The type locality minerals of the Tenham meteorite:
Akimotoite is a rarely seen member if the ilmenite group with a formula (Mg,Fe)SiO3. It was first discovered by N. Tomioka and K. Fujino in 1997, and published about in 1999 in American Mineralogist. It’s a polymorph of both pyroxene and bridgmanite (also with a type locality of Tenham). Since its formation environment precludes it from forming on the Earth’s surface its other representative examples are in meteorites like Zagami and Umbarger. Of note it is theorized that it is a significant constituent mineral of the Earth’s upper mantle 370-500 miles deep.
Bridgmanite is the (Mg,Fe)SiO3 magnesium end member of the Perovskitites group.
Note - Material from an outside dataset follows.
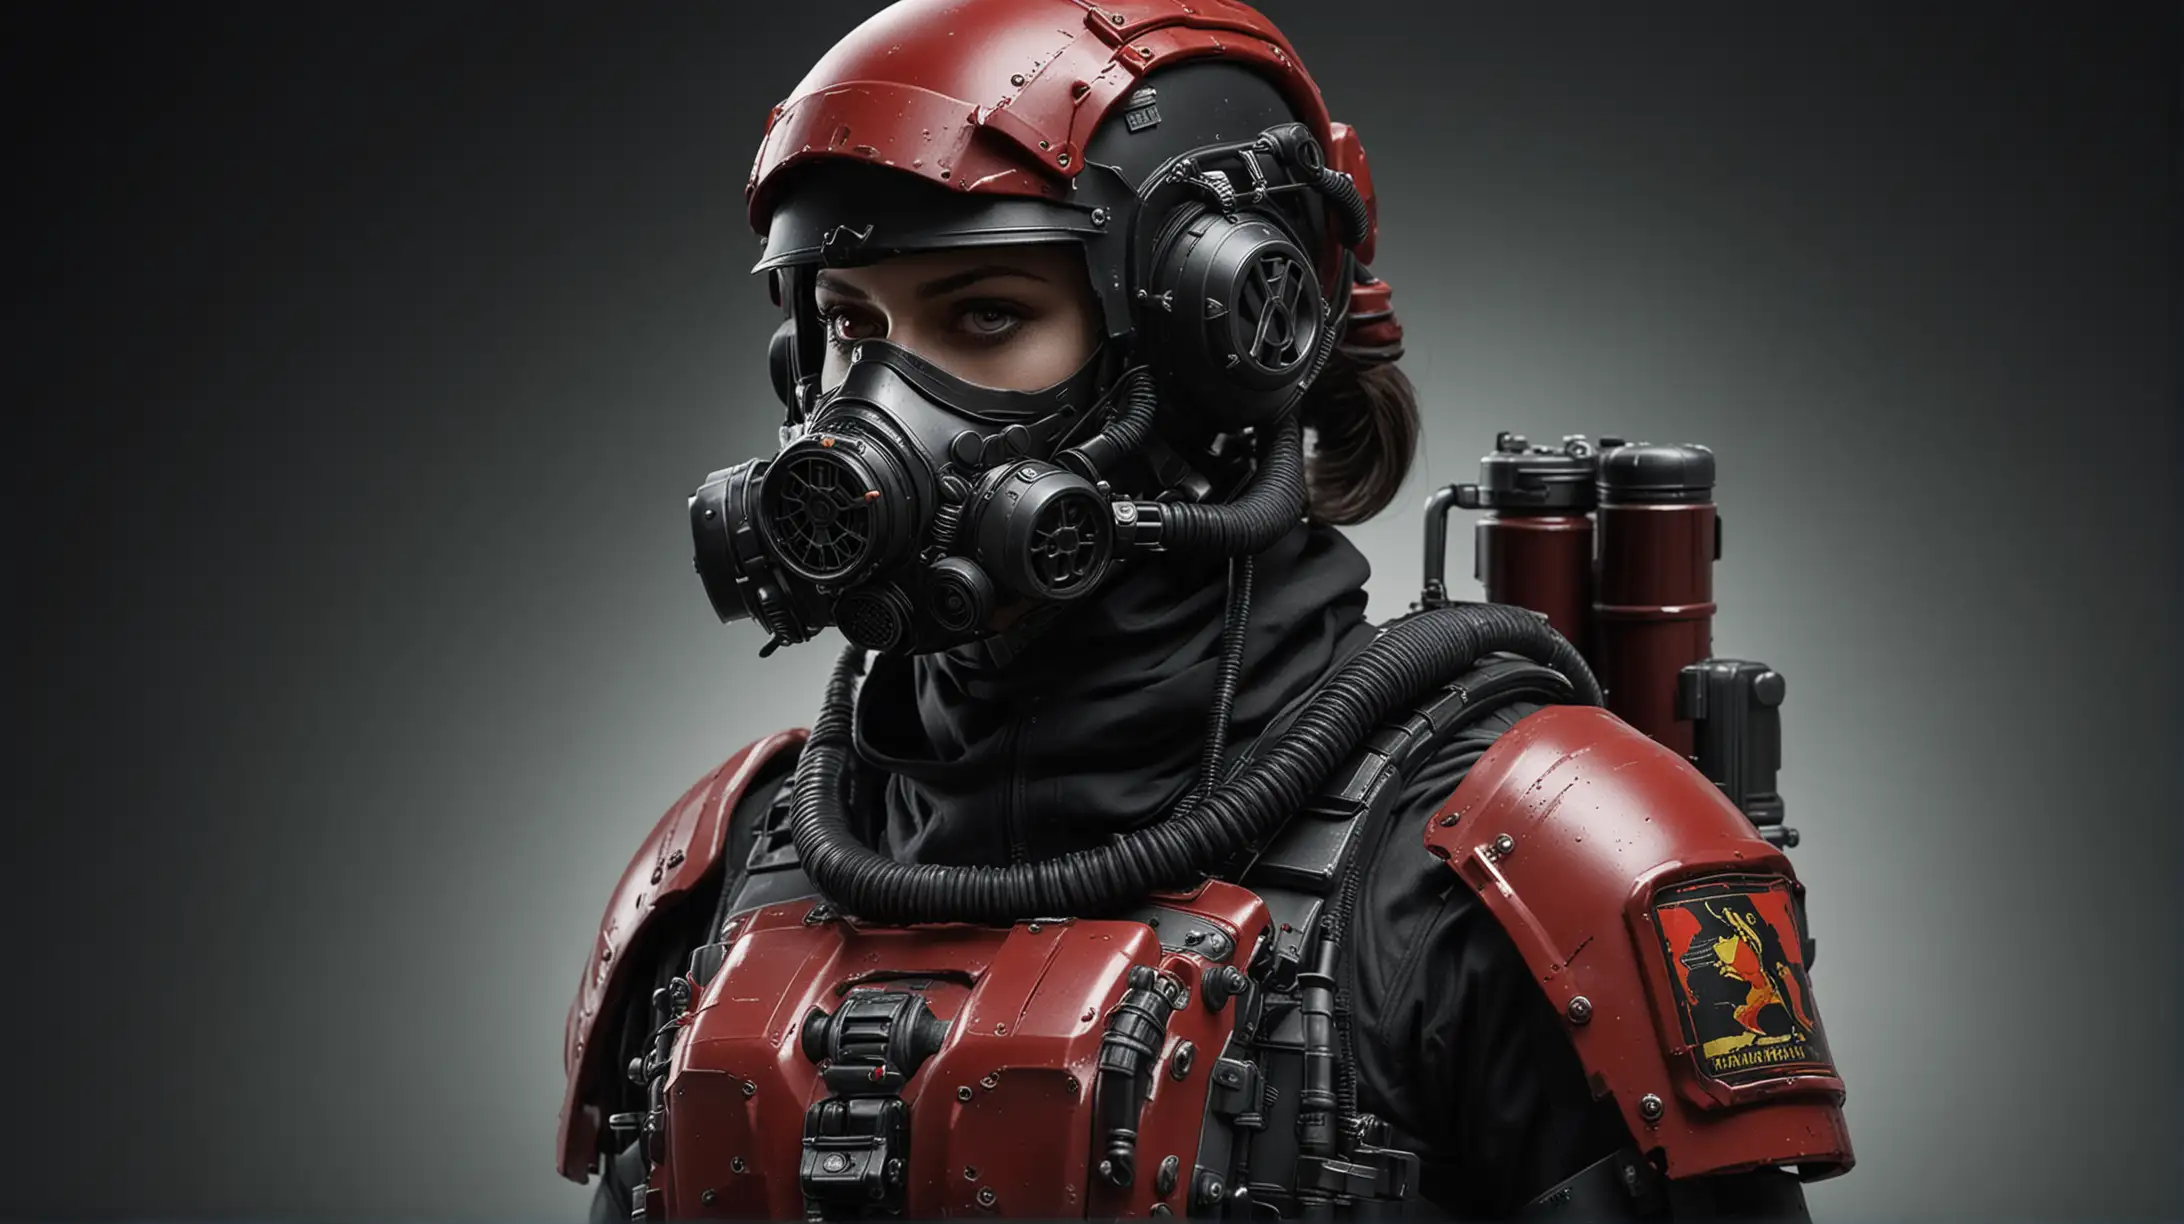 Female warhammer 40k imperial guard soldier in a closed environment suit with an smg and air tank backpack. Black, tight uniform. Full-head helmet and gas mask. Dark red glass visor covers the eyes.
Woman with big boobs. Center shot

It is theorized that this is the most prevalent mineral constituent on Earth’s mantle (making up 93% of the deep mantle), thus making it the most abundant mineral on Earth. Since it forms in the deep mantle (420 to 680 miles down) a terrestrial occurrence has yet to be found so meteorites and lab produced sources are all we have. Bridgmanite is a high pressure polymorph of enstatite. Though synthetic lab produced material was published about in the 1980s, following the rules of mineral naming however it wasn’t till it was found in natural form in Tenham in 2014 by Chi Ma and Oliver Tschauner, that it was formally allowed to be named.
Poirierite like bridgmanite was theorized to exist long before it was found, some 40 years ago by its namesake Jean-Paul Poirier. Poirier’s extensive research focused on the Earth’s mantle and core. This high pressure polymorph of olivine with a formula of Mg2SiO4 wasn’t describe from a natural occurrence till 2021.
The final type locality mineral in Tenham might be the most well-known among meteorite collectors, ringwoodite. This is the oldest first ever mineral found in Tenham with an official naming in 1969. Like Poirierite it too was named in honor of the scientist who theorized its existence, Alfred Ringwood, who happened to be a predominant Austrailian geologist and geochemist. It is a high pressure polymorph of the fosterite end member of olivine, but has a spinel structure. It is also a polymorph of Poirierite and Wadsleyite. What helps ringwoodite stand apart from most other minerals found in meteorites is, being a spinel, although it can be grey to colorless, it can also be quite colorful as bright blue to purple grains.
Tenham is a meteorite that has been critical to helping us better understand the composition of the depths of our planet. By allowing us access to naturally occurring mineral samples exposed to the pressures and temperatures similar to mantle of our own planet we would otherwise be unable to access. Tenham sat on my wish list for quite a long time. I avoided the pressures to get just a small bit and move along in my collecting. I wanted a nice crusted piece that showed off how well it has held up over nearly a century and a half, and I definitely wanted to have nice shock veining. With a little help from Roberto Vargas while he was at the Denver Show I was put on to the nice 26-gram piece that met all my requirements.
Till the next type locality- Mike